Accueilli de façon très mitigé comme suite du génialissime Skyfall, dans un contexte de production chaotique (scénario diffusé sur le net un an avant la sorte du film, équipe de production incertaine, explosion du budget…), qu’est-ce que Spectre nous réserve au final ? À ma grande surprise, je fais partie de ceux qui ont adoré et j’irais pousser le vice en disant qu’il s’agit probablement du deuxième meilleur Bond de l’Histoire.
Donc oui, c’est moins bon que Skyfall, mais d’un autre côté ce film est probablement le plus bondien de tous les Craig.
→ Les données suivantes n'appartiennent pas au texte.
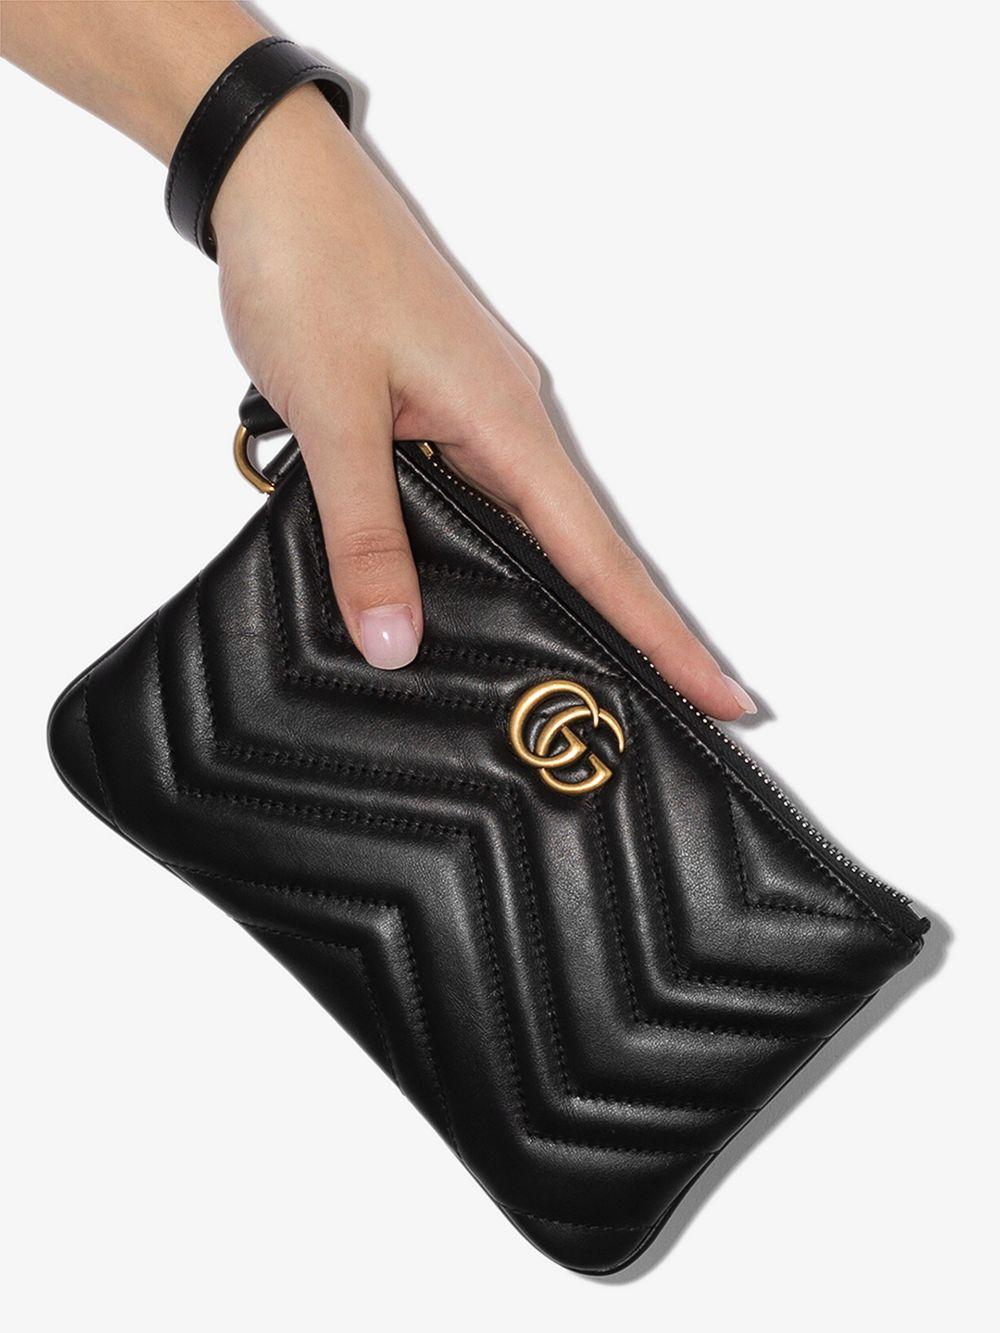 Gucci Marmont Quilted Leather Wrist Wallet in Black | Lyst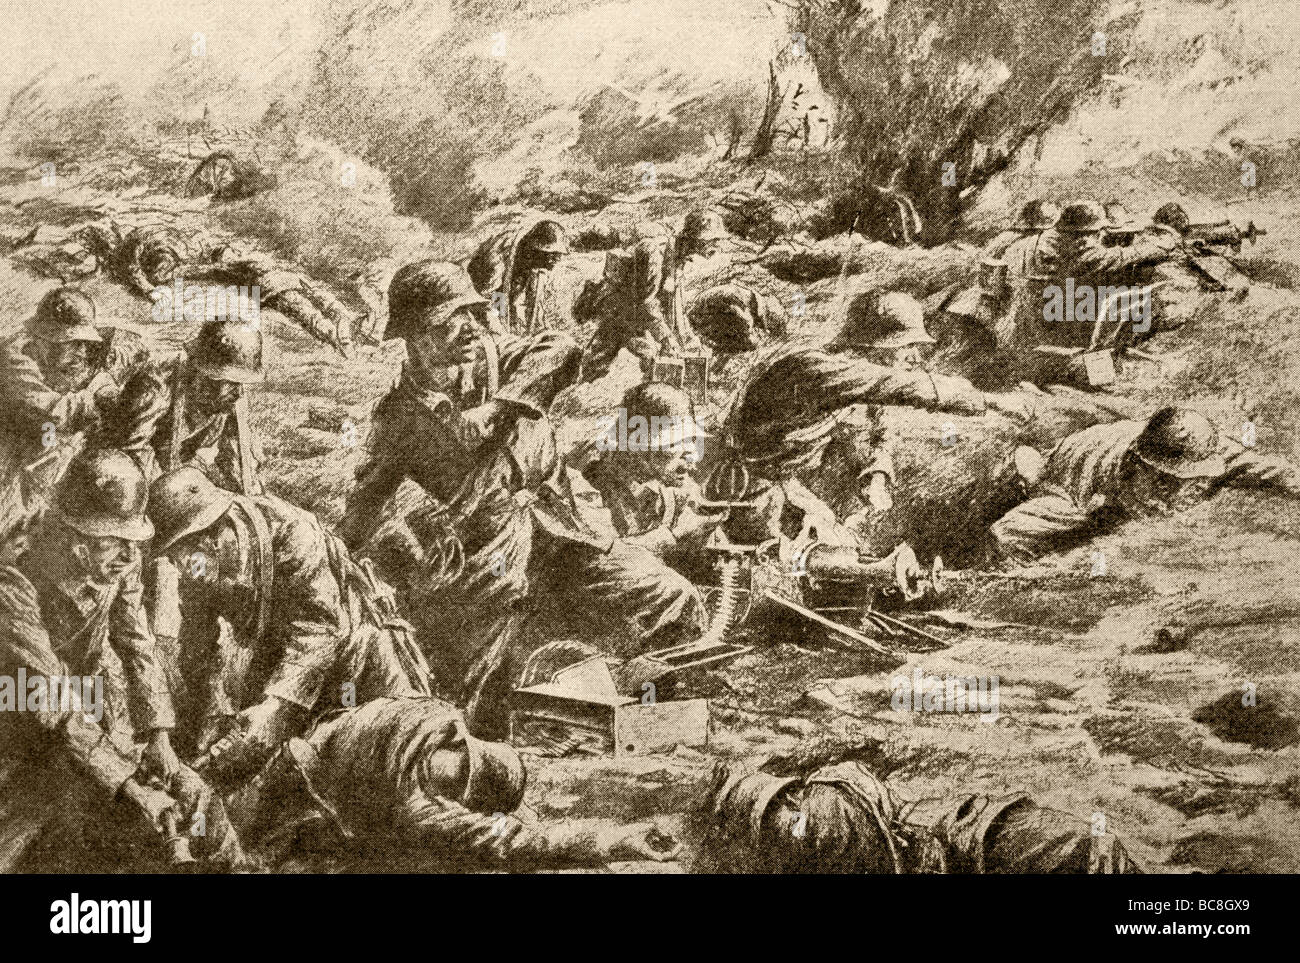 German machine gunners and infantry holding back an attack against their trench. Stock Photo

Alors que son prédécesseur était avant tout un hommage pour célébrer le demi-siècle d’existence et poser de nouvelles bases ; Spectre se positionne comme véritable conclusion de la franchise démarrée avec Casino Royale, en formant le liant entre chacun des films jusqu’à présent, celui qui chapeaute tout ça. Le tout dans un esprit purement bondien comme autrefois.
Comment peut-on d’ailleurs reprocher le manque d’esprit, quand on retrouve absolument tous les critères de la franchise :
la scène d’intro créant le contexte du film ; des courses poursuites en voiture (magnifiques), en avion, en bateau, à pied, en ville, en montagne ; des scènes de fusillades et des combats à mains nues au milieu d’explosions plus impressionnantes les unes que les autres ; un méchant machiavélique qui veut prendre le contrôle du monde (plus ou moins) et son fidèle homme de main mutique qui paraît inébranlable ; cet humour décalé british que ce soit dans les scènes ou les dialogues ; la Bond Girl magnifique et forte (ce qui manquait pourtant à (le seul truc qui manquait à Skyfall)… On a même droit à une scène dans un train !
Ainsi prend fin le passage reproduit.